Il s'agit pour l'auteur de la dénomination d’un « courant », mais F. Moriconi-Ebrard évoque également l'existence d'une « école de géographie quantitative ». Si la dimension méthodologique y est explicitée, la dimension théorique est sous-jacente (« affirmation de la scientificité de la géographie »). L'amalgame entre « géographie quantitative » et « géographie théorique et quantitative » est plus net encore ici :

« L’école de géographie quantitative a connu son essor aux États-Unis. Elle a pénétré en Angleterre dans les années 1960-1970 et en France dans les années 1970-1980. La géographie quantitative est rejetée par de nombreux géographes, non pas pour le recours à la formalisation mais en raison de la tentation, chez certains quantitativistes, de reconnaître la primauté des lois « naturelles » sur les logiques sociales. » (Moriconi-Ebrard, 2003, p. 757)

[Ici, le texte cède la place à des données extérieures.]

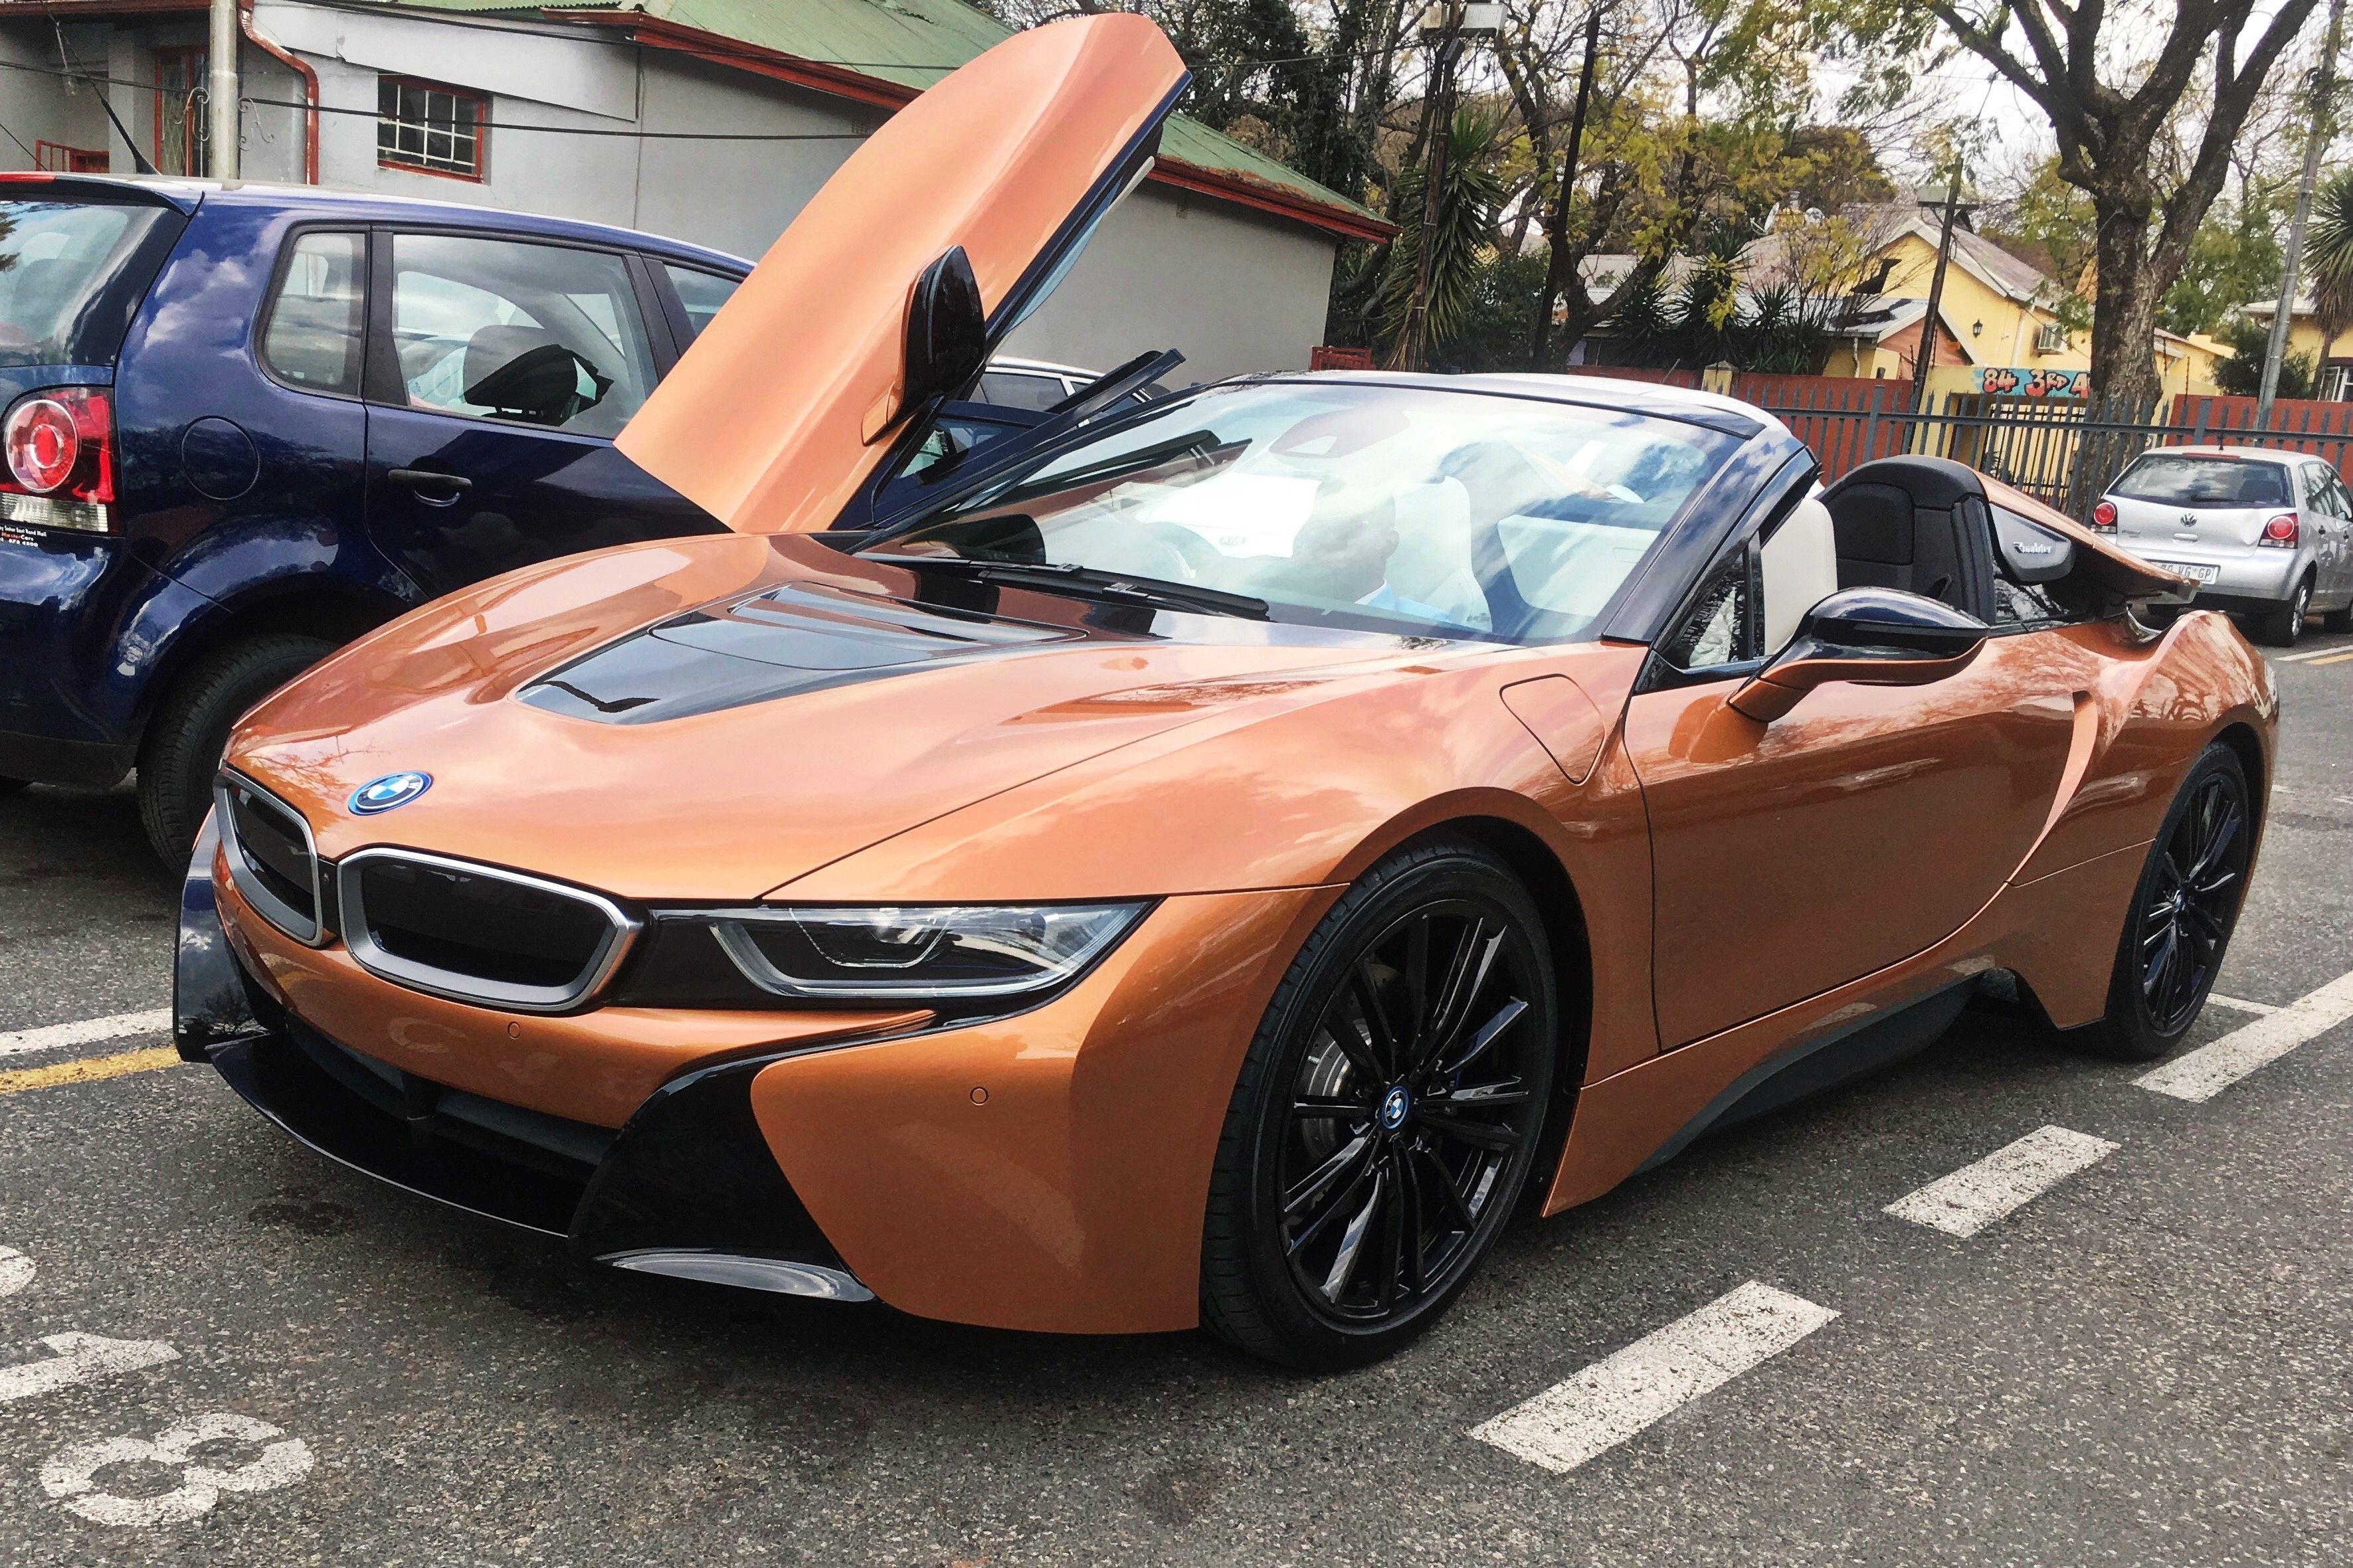 Exoticspotsa Week 39 2018 News Bmw Bmw I8 Cars

L'auteur affirme dans cet article qu’« une des démarches couramment associée à la géographie quantitative est la modélisation ». Dans le petit paragraphe sur la modélisation, l'auteur parle à plusieurs reprises de « théorie » (4 occurrences), nouvelle preuve que « géographie quantitative » comprend pour l’auteur une facette « théorie » dont la modélisation fait partie.

Ce premier mot-source mérite donc d’être retenu puisque les dictionnaires qui le citent l’identifient bien au mouvement, qu’ils l’ignorent délibérément (rappelons que Pierre George (1972) a par ailleurs publié un article intitulé « l’illusion quantitative en géographie » dans les Mélanges offerts au Professeur A. Meynier), ou qu’ils y soient favorables ou opposés.